[Information shown]

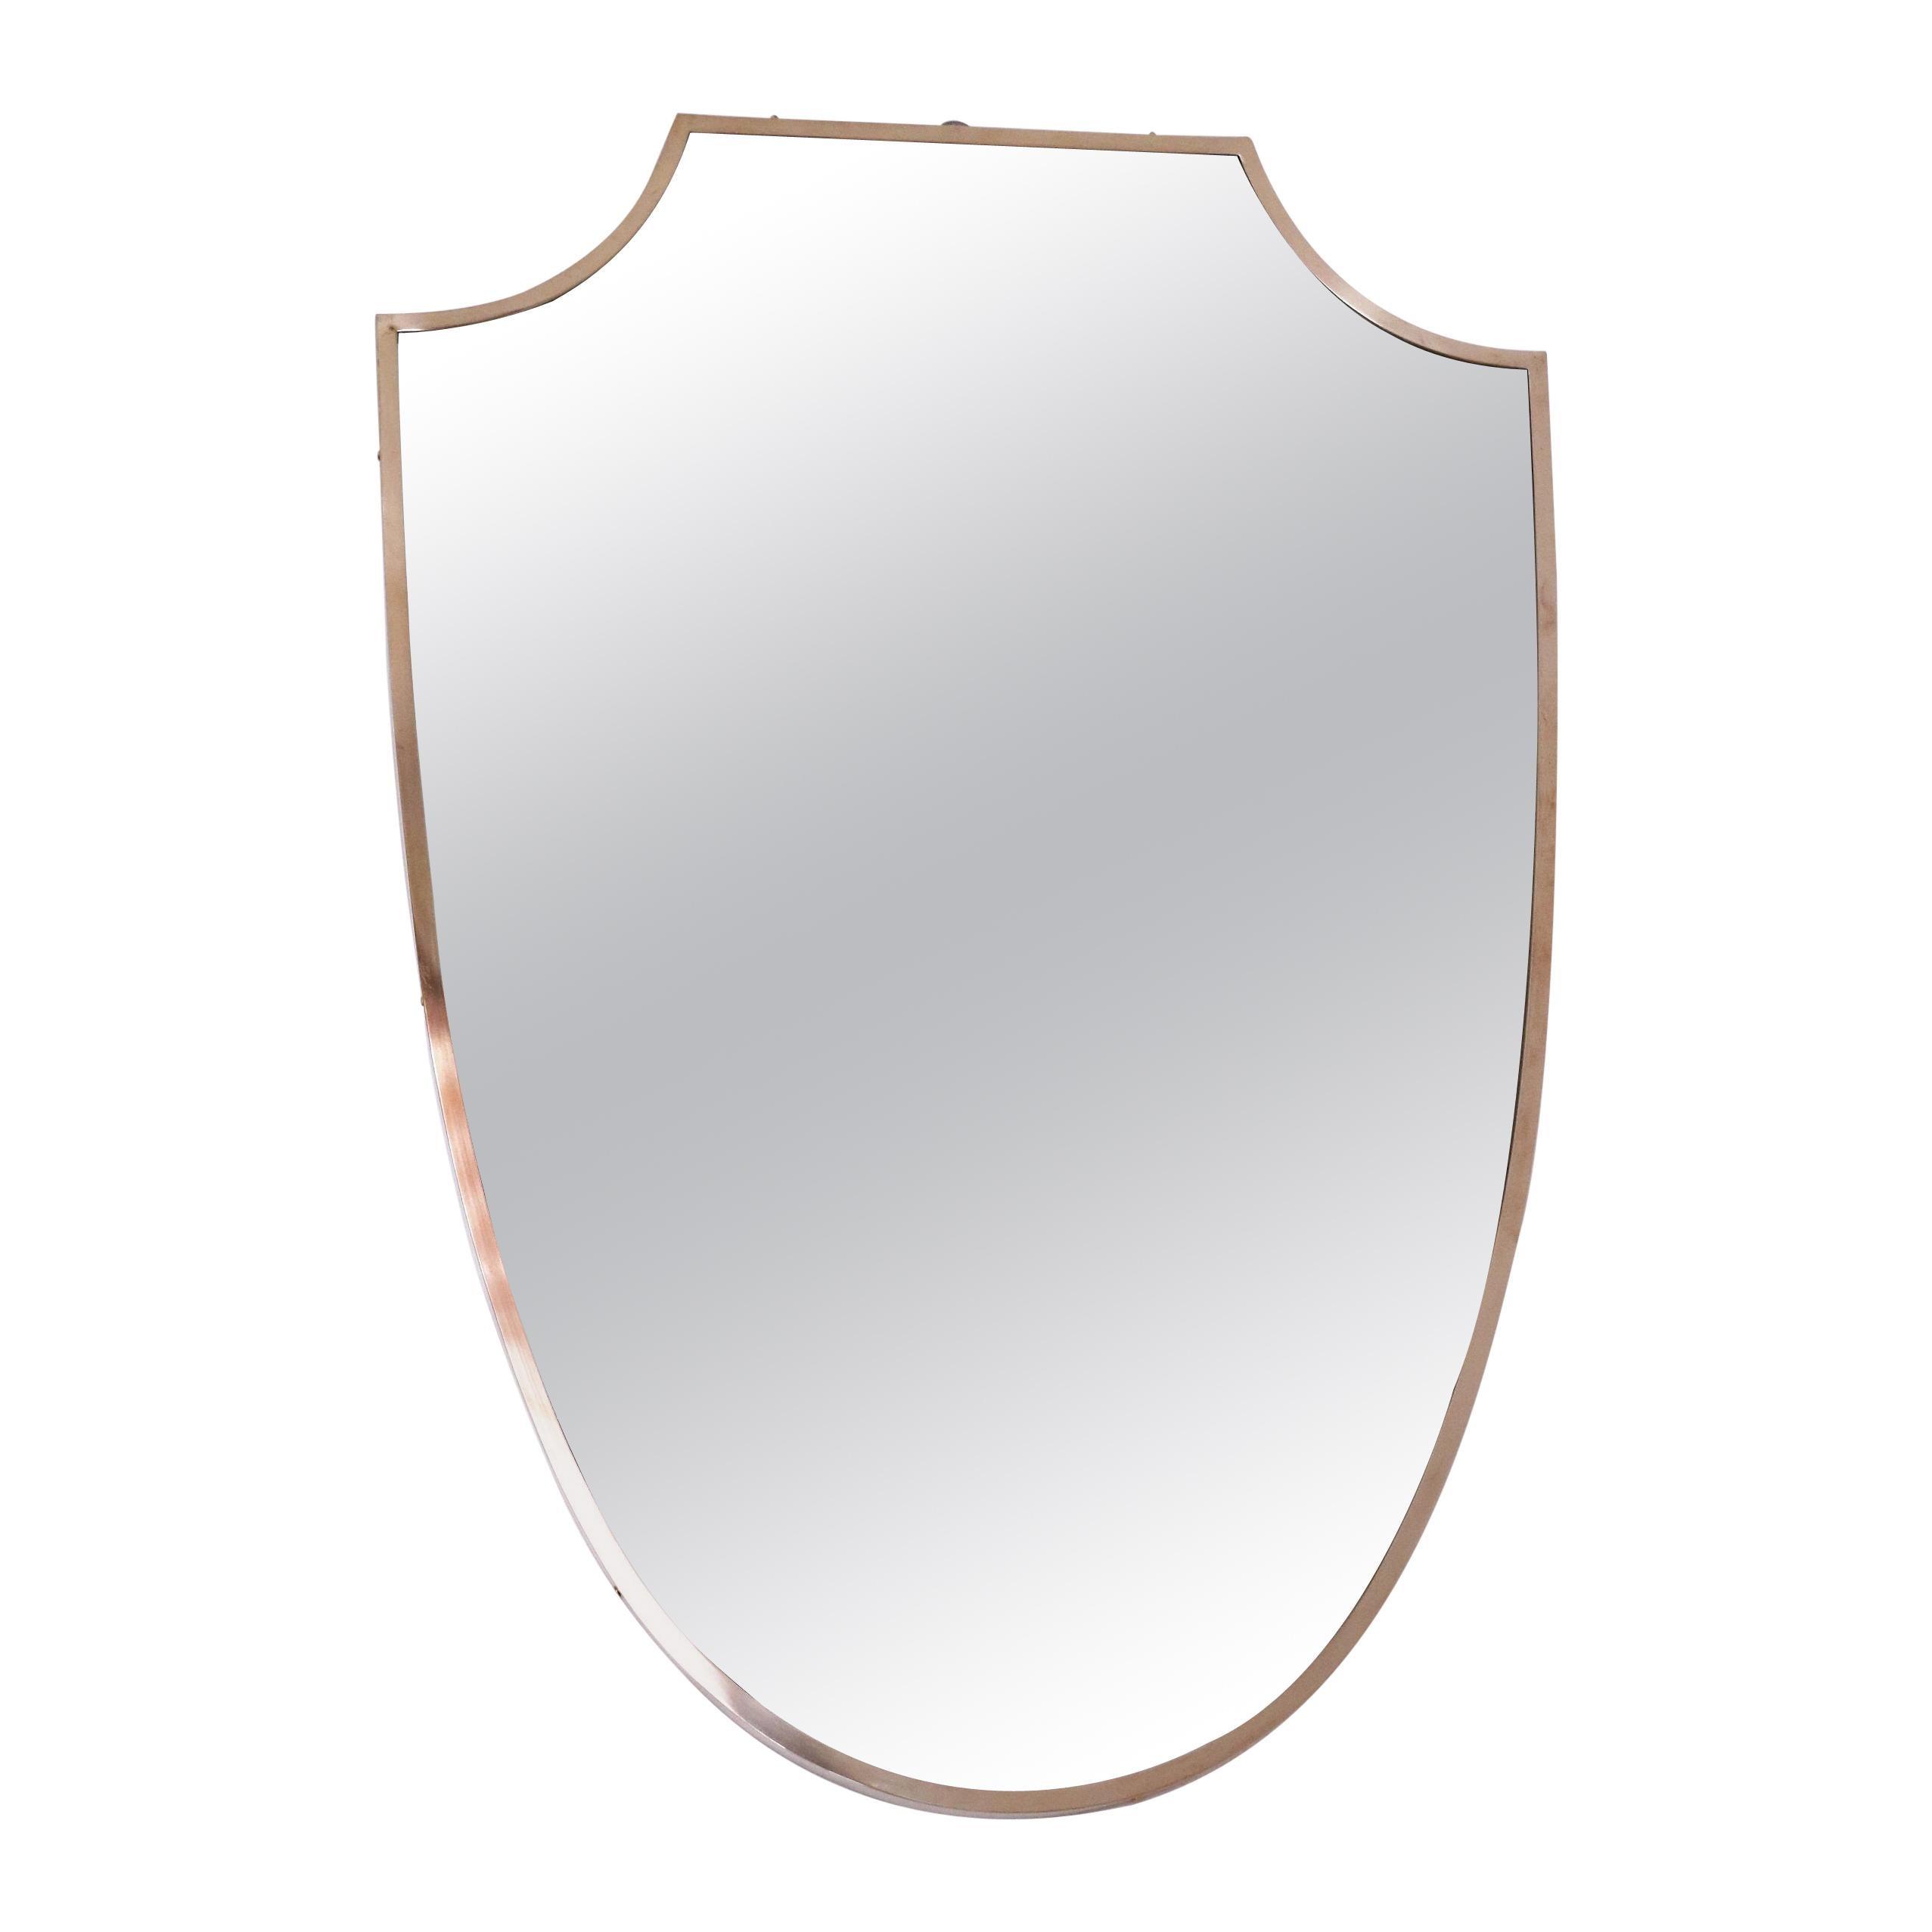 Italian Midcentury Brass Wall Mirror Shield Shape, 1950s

[/Information shown]
[Information shown]

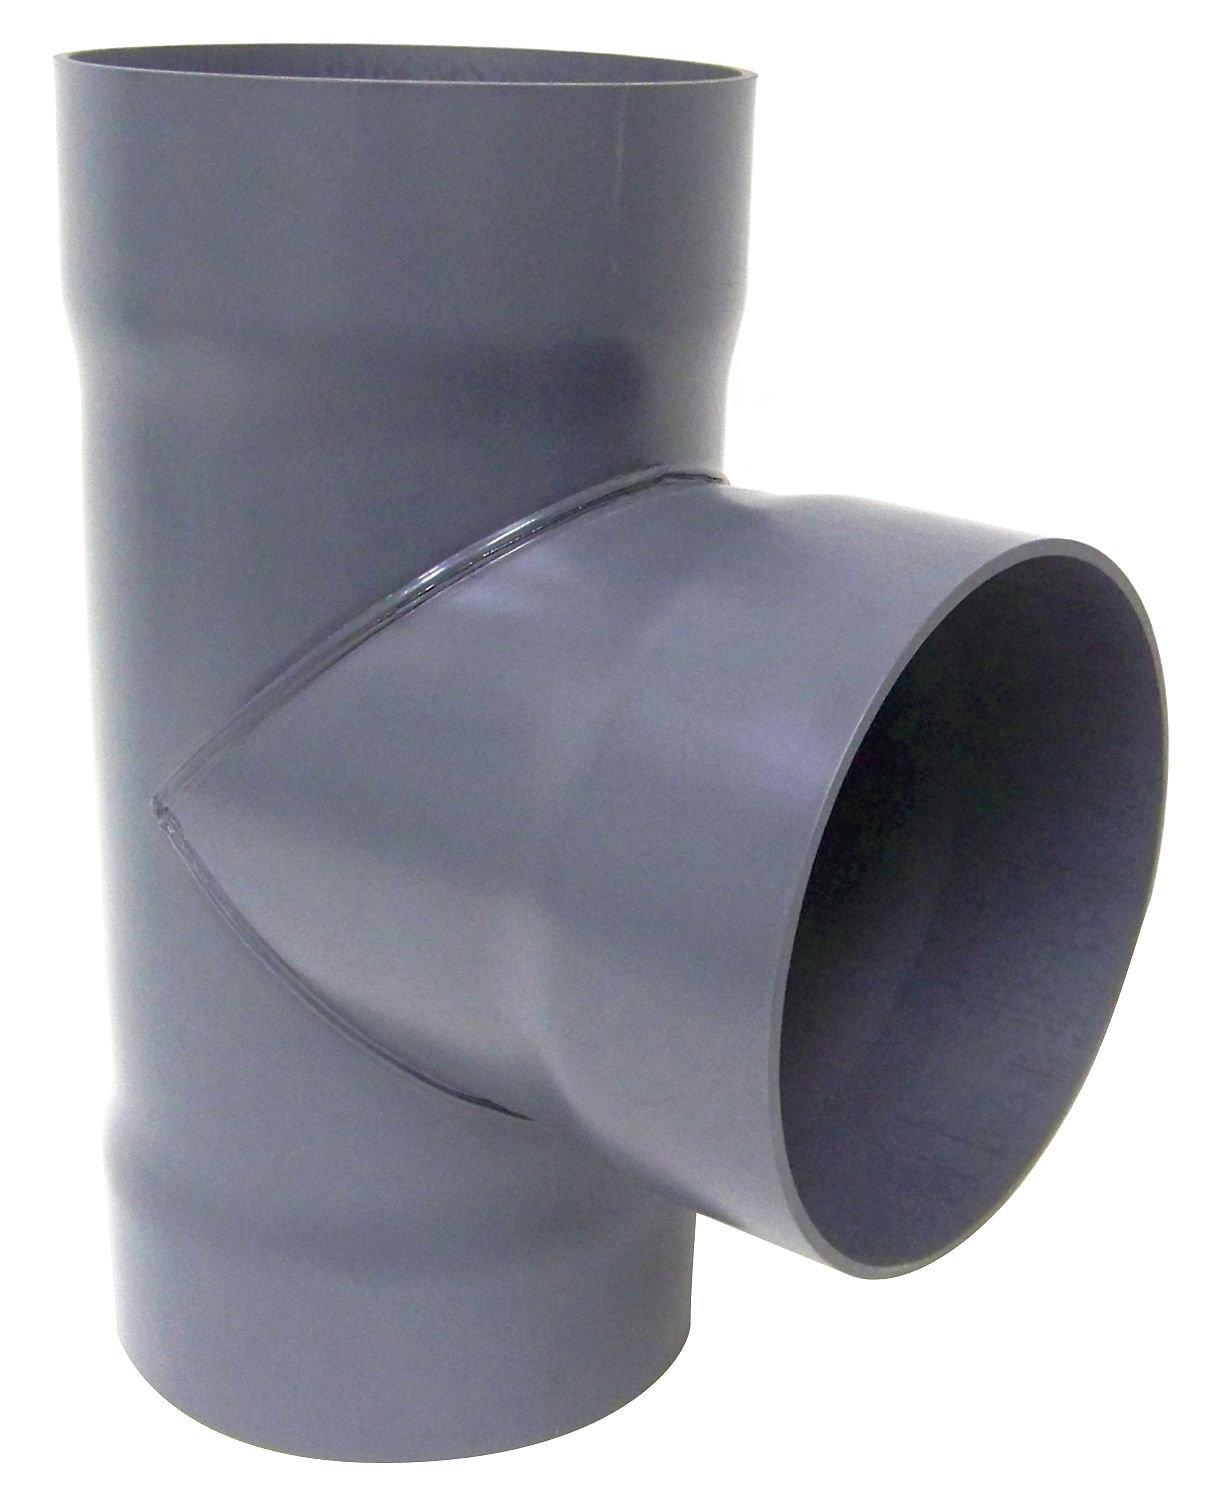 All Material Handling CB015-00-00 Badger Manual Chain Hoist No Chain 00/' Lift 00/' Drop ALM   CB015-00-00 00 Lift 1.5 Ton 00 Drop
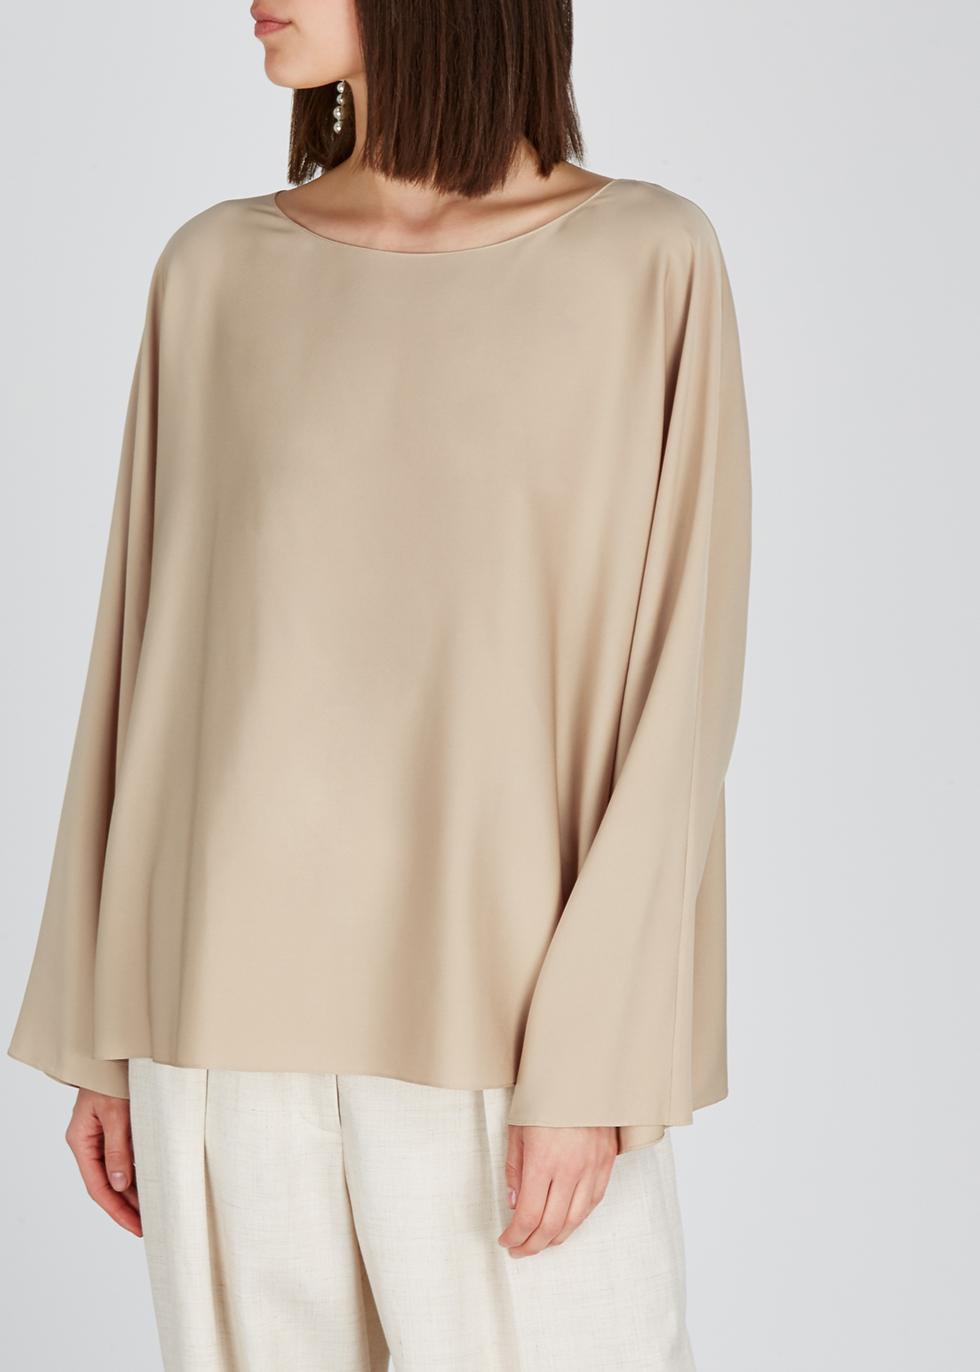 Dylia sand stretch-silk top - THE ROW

[/Information shown]

Your task: Only the lines starting at the one that includes "All Material Handling" and ending at the one that includes "Dylia sand stretch-silk top - THE ROW" should be retyped, exactly, from the records above; no pictures.

Output for this exercise:
 All Material Handling CB015-00-00 Badger Manual Chain Hoist No Chain 00/' Lift 00/' Drop ALM   CB015-00-00 00 Lift 1.5 Ton 00 Drop
 Dylia sand stretch-silk top - THE ROW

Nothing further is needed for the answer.